Contact: David Amy, EVP & CFO
Lucy Rutishauser, VP Corporate Finance & Treasurer
Sinclair Broadcast Group Announces Proposed Public Offering of Convertible
BALTIMORE (May 2, 2007) -- Sinclair Broadcast Group, Inc. (Nasdaq:
SBGI) announced today that it intends to offer, subject to market
conditions and other factors, approximately $300.0 million aggregate
principal amount of convertible senior notes due 2027. As part of the
offering, Sinclair will grant the underwriters of the notes an option,
solely to cover over-allotments, to purchase up to an additional aggregate
$45 million principal amount of the notes. The underwriters will have 13
days to exercise the over-allotment option.
The notes will mature in 2027 and will be convertible into shares of
Class A common stock of Sinclair Broadcast Group, Inc. at the option of the
holder upon certain circumstances and at a fixed conversion rate.
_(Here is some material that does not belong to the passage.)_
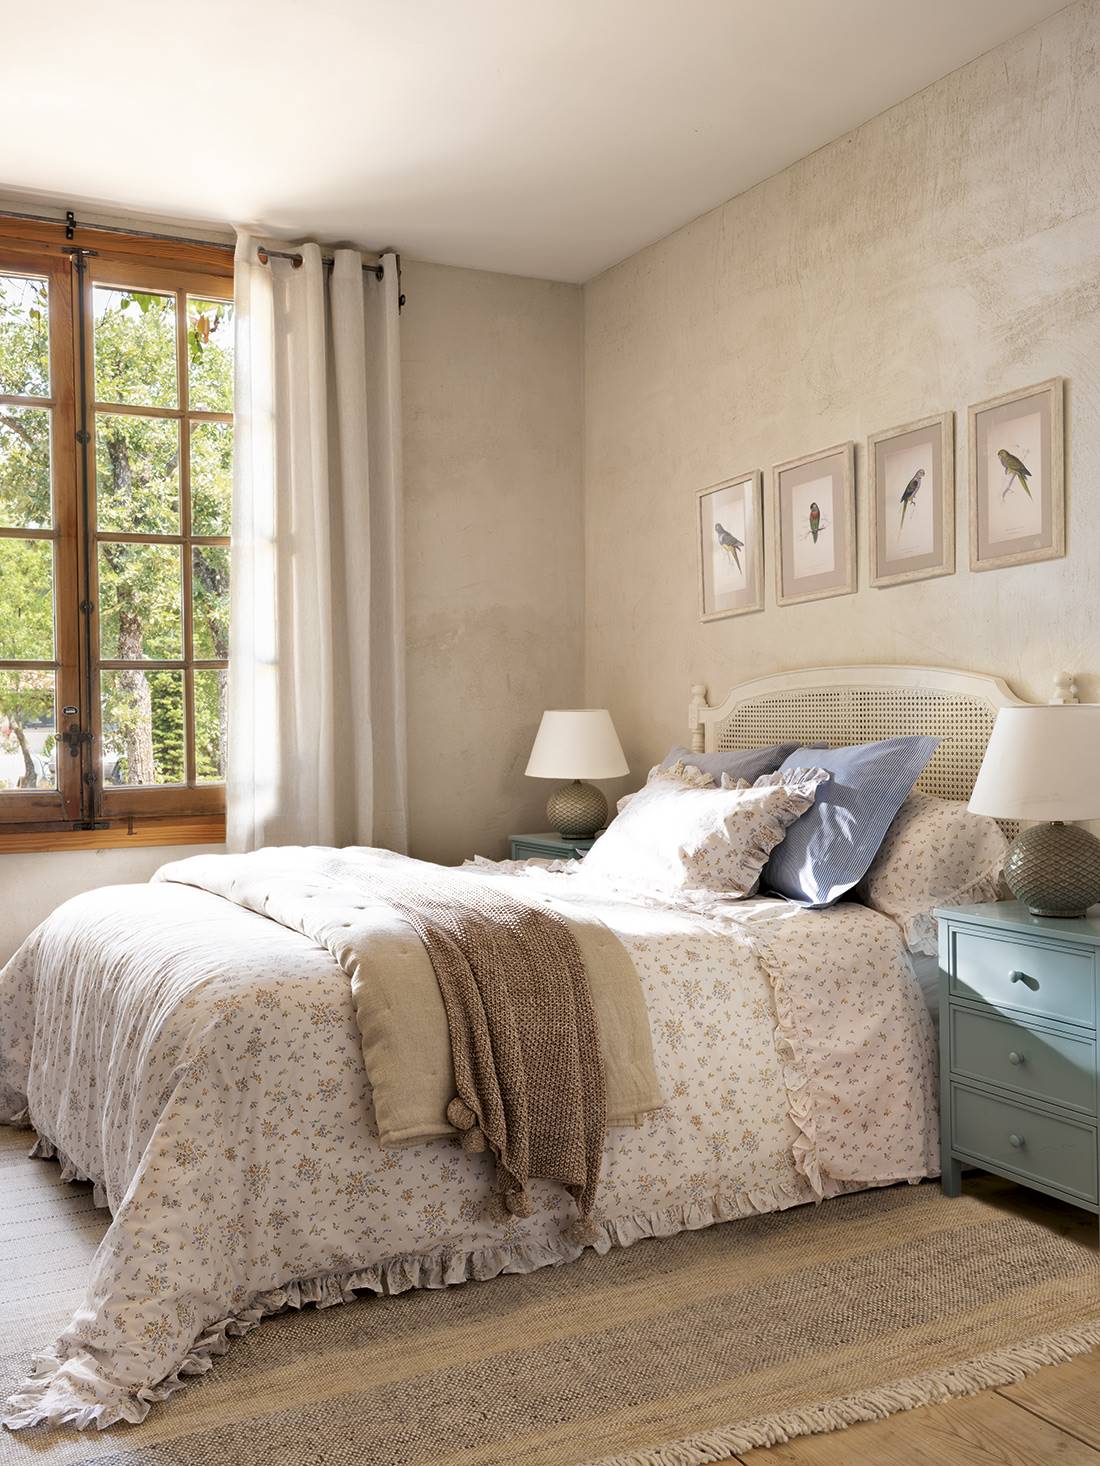  Dormitorio con cabecero blanco con rejilla, ropa de cama de flores, muebles decapados y volantes y pompones.

The
offering is being made pursuant to an effective shelf registration
statement previously filed with the Securities and Exchange Commission.
Sinclair intends to use the net proceeds from the offering, together
with available cash on hand and/or bank debt, to finance the partial
redemption of Sinclair Television Group, Inc.'s, its wholly-owned
subsidiary, existing 8.0% Senior Subordinated Notes due 2012.
This press release does not constitute an offer to sell or the
solicitation of an offer to buy these securities, nor shall there be any
offer or sale of these securities in any state in which such offer,
solicitation or sale would be unlawful.
The matters discussed in this press release include forward-looking
statements regarding, among other things, the Company's future expectations
(including the proposed offering and planned use of proceeds). When used
in this press release, the words "intends to," "anticipates," "expects,"
and similar expressions are intended to identify forward-looking
statements. Such statements are subject to a number of risks and
uncertainties. Actual results in the future could differ materially and
adversely from those described in the forward-looking statements as a
result of various important factors, including the impact of changes in
national and regional economies, changes in the interest rate environment,
other credit facility market conditions, and the other risk factors set
forth in the Company's most recent reports on Form 10-Q and Form 10-K, as
filed with the Securities and Exchange Commission. There can be no
assurances that the assumptions and other factors referred to in this
release will occur. The Company undertakes no obligation to update these
forward-looking statements except as required by law.